The aminoacidic sequence of Dwarf14 (D14) was taken from the article of Arite et al. . Multiple sequences alignment was performed using the ClustalW program accessible on-line through the European Bioinformatics Institute  and BLAST . A model of the D14 protein was generated using SWISS MODEL  and EsyPred3D . The model structure was based on the files PBD: 1WP0 and 1WPR; these template proteins, belonging to the family of α/β hydrolases, were chosen because of a significant sequence similarity with D14, in addition to their satisfactory crystallographic resolution. The model was subsequently verified using MOE-ProEval, an implementation of the PROCHECK suite of stereochemical measurements, and Ramachandran’s maps .

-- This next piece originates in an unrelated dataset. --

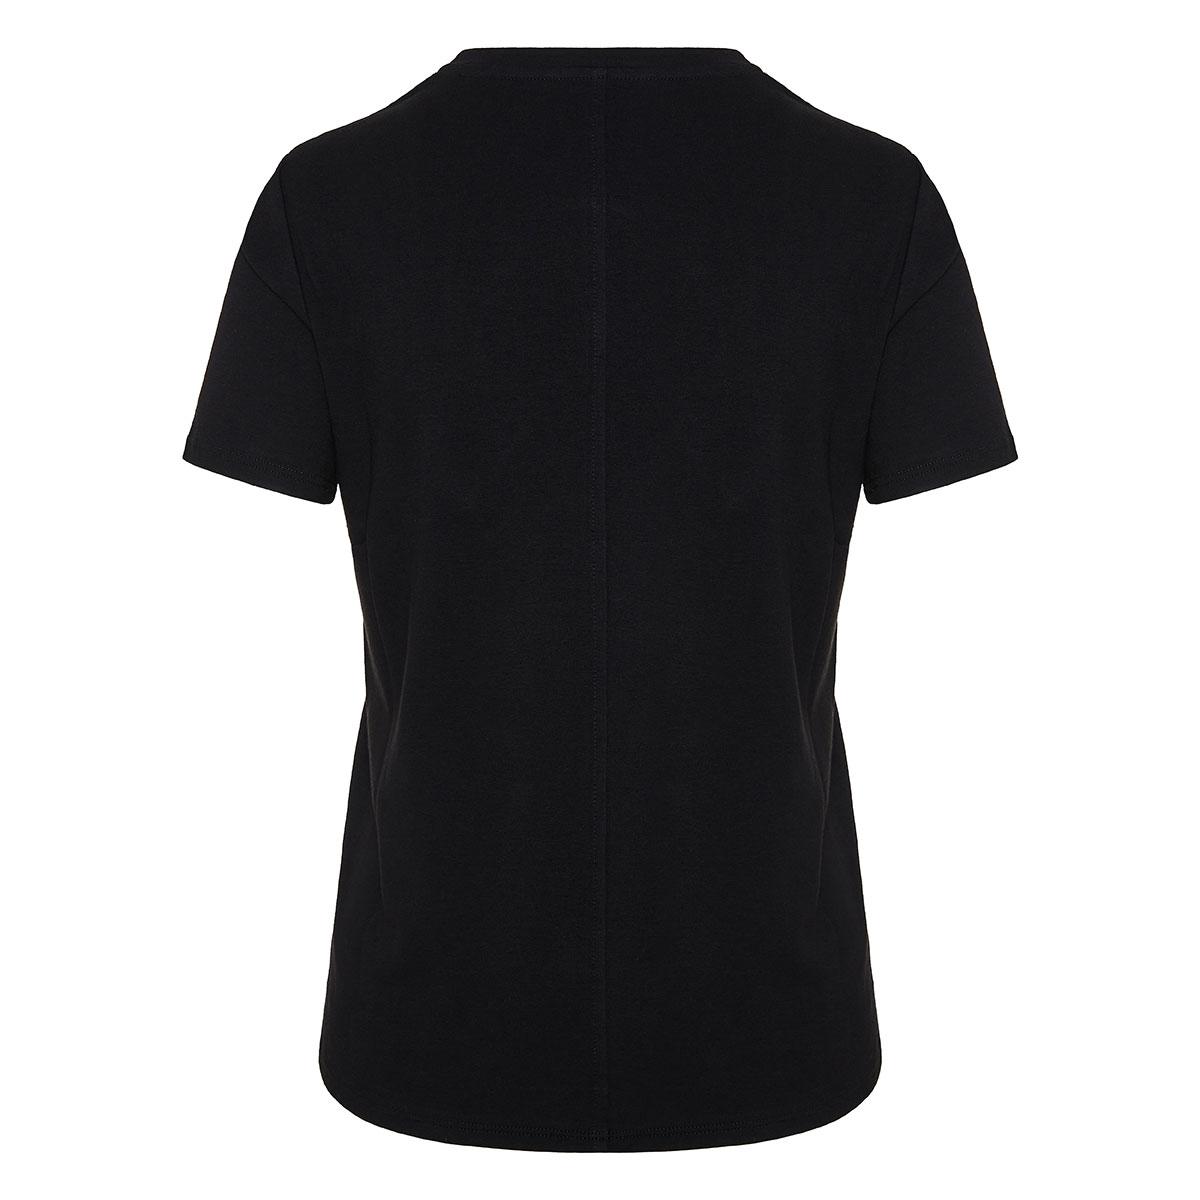 Ankara jersey t-shirt

Molecular Dynamics simulations
The 3-D molecule was locally minimized in vacuo by constraining the backbone to the template molecule in order to give a first optimization of the rough geometry derived from homology modeling, particularly for the side chains and the added polar hydrogen atoms.

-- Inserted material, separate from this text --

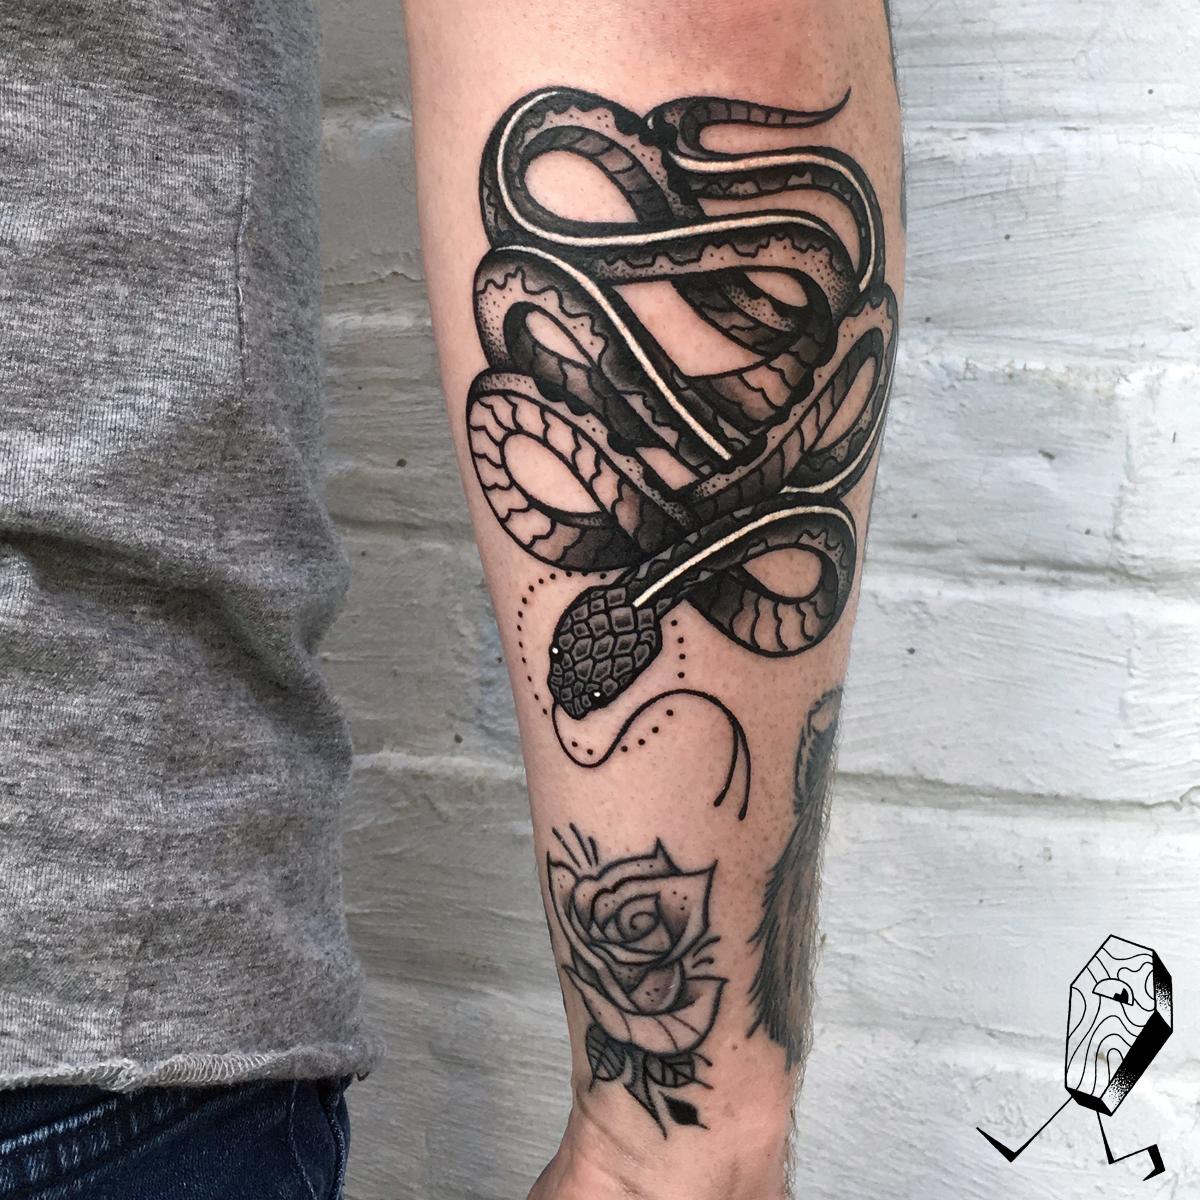 mat-blackwork-snake-dedleg-tattoo2.jpg

GROMACS [30, 38] was then used for MD simulations. The structure of D14 was inserted into a cubic box maintaining a minimum of 9 Å between the box edges and the protein surface. The resulting system was solvated with Simple Point Charge (SPC) water molecules provided in the GROMACS package and then minimized with the GROMOS96 force field using the steepest descent method in order to lead the system to a more favourable energetic condition before starting the MD simulation. The temperature of the bath was set to 300 K and the coupling time constant was set to 0.1 ps. The box pressure was maintained at 1 bar using 1ps time constant and a water compressibility of 4.5 × 10–5 bar−1. Coulombic interactions were treated with the PME (Particle Mesh Ewald algorithm) model with a cutoff of 1.6 nm. Configurations were saved every 100 fs for analysis. After equilibrating the system, a 5 ns production simulation was conducted with a 1 fs time-step at a pressure of 1 bar and a temperature of 300 K. At this stage no constraints or restraints to the template structure 1WOM were added. The only constraint applied was to the α-helices and β -sheets H bonds, using the LINCS  algorithm: this is an algorithm that resets bonds to their correct lengths after an unconstrained update. The following parameters were used: lincs-order of 4, lincs-warn angle of 30 and unconstrained start. Computer simulations describe protein dynamics, and under the limit of their accuracy and extension, they should contain information on functional motion and ability to address the relationship that motion has with structure. Essential dynamics (ED)  has been a fairly applied method to extract useful information from protein simulation. In particular the ED analysis reveals high-amplitude concerted motions in the equilibrated portion of the trajectories, based on the diagonalization of the Cα covariance matrix of the atomic positional fluctuations. The collection of the selected eigenvectors describing the collective motions is termed “essential subspace” and can describe protein motions at a reasonable level of accuracy. Correlation plots were obtained by first computing Cα correlation matrices C(i,j), where C(i,j) is the covariance matrix of protein fluctuations between residues i and j.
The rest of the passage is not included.